I also knew the Chaos Motorcycle Club owned the garage and four auto supply stores, this one in Denver, one in Boulder, another in Colorado Springs and the last one that just opened in Fort Collins. I knew the Chaos Motorcycle Club too. They were famous because of Ride and because many of their rough and ready looking members had been photographed with their custom bikes and cars.
I also knew them because I’d partied with them.
And that day I was starting as the new office manager of the garage.
And that day was only one, single day after I’d been laid by Tack, the president of Chaos Motorcycle Club and, essentially, my boss.
And lastly, that day was only one single day and one single night after Tack had slam, bam, thank you ma’am’ed me.
“God,” I whispered to my windshield as I parked in front and just beside the steps that led up to the door next to the triple bays of the garage, a door with a sign over it that said, “Office”, “I’m such a stupid, stupid, idiot.”

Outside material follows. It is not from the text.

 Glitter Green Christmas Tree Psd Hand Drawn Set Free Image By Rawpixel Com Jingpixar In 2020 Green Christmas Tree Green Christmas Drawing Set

But I wasn’t an idiot. No, I was a slut.
I didn’t know how to cope with being a slut. I’d never been one before. I did not jump into bed with men I barely knew. I did not have flights of fancy where I thought they were beautiful, perfect, motorcycle man daydreams come to life and therefore did tequila shots with them and then had hours of wild, crazy, delicious, fantastic sex with them.
That was not me at all.
I was not the kind of person who lived life like Tack did. I was thirty-five and I had lived a careful, quiet, risk-free life. I weighed decisions. I measured pros versus cons. I wrote lists. I made plans. I organized. I thought ahead. I never took one step where I wasn’t absolutely certain where my foot would land. And if I found myself in a situation that was unsure, I exited said situation, pronto.

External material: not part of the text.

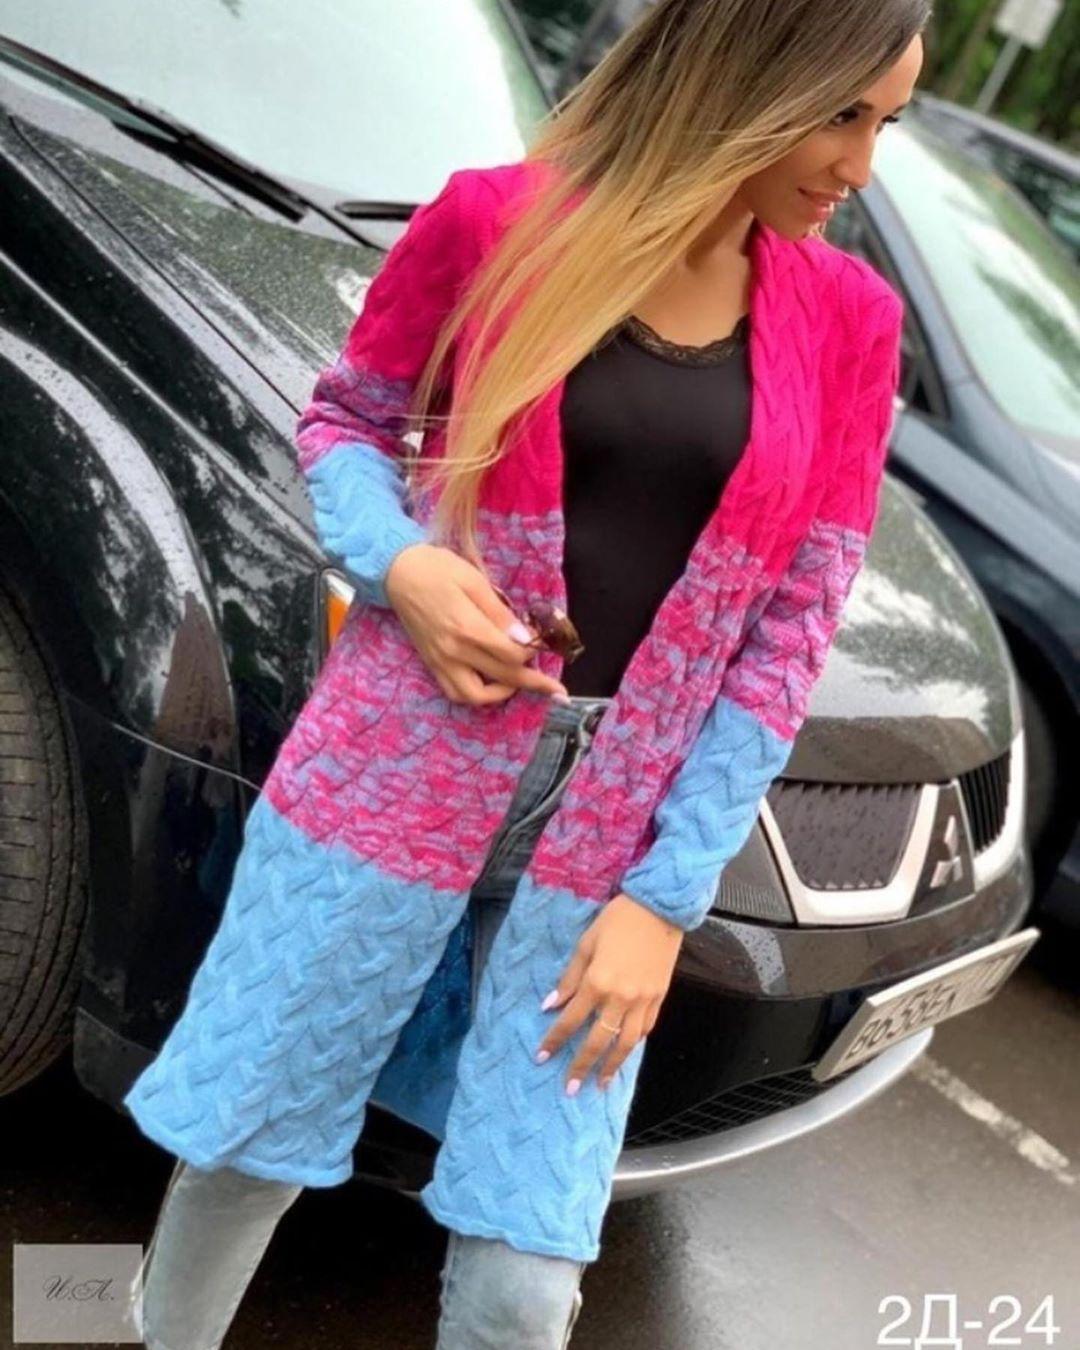 750 руб 42-52 #sale_room#мода2020#fashion#style#shopping#fashion#style#шоурум#стильномодномолодежно#наряд#инстамода#style#женскаяодежда#beautiful#instagood#design#model#dress#shoes#heels#follower#styles#интернетмагазин#шоппингонлайн#стиль#выгодныецены#красиваяодежда#одежданазаказказань#

Until two months ago when I looked at my life and the toxic people in it and I knew I had to get out.
So I got out. I didn’t plan it. I didn’t measure the pros and cons. I didn’t organize my exit strategy. I didn’t think ahead. When I’d had the epiphany and realized where I was, how dangerous it was, how unhealthy it was, I had no idea where I’d land when I jumped off the ride that was my life. I just straightened from my desk chair at work, grabbed my personal belongings, shoved them in a box and walked out. I didn’t even tell my boss I was going. I just went.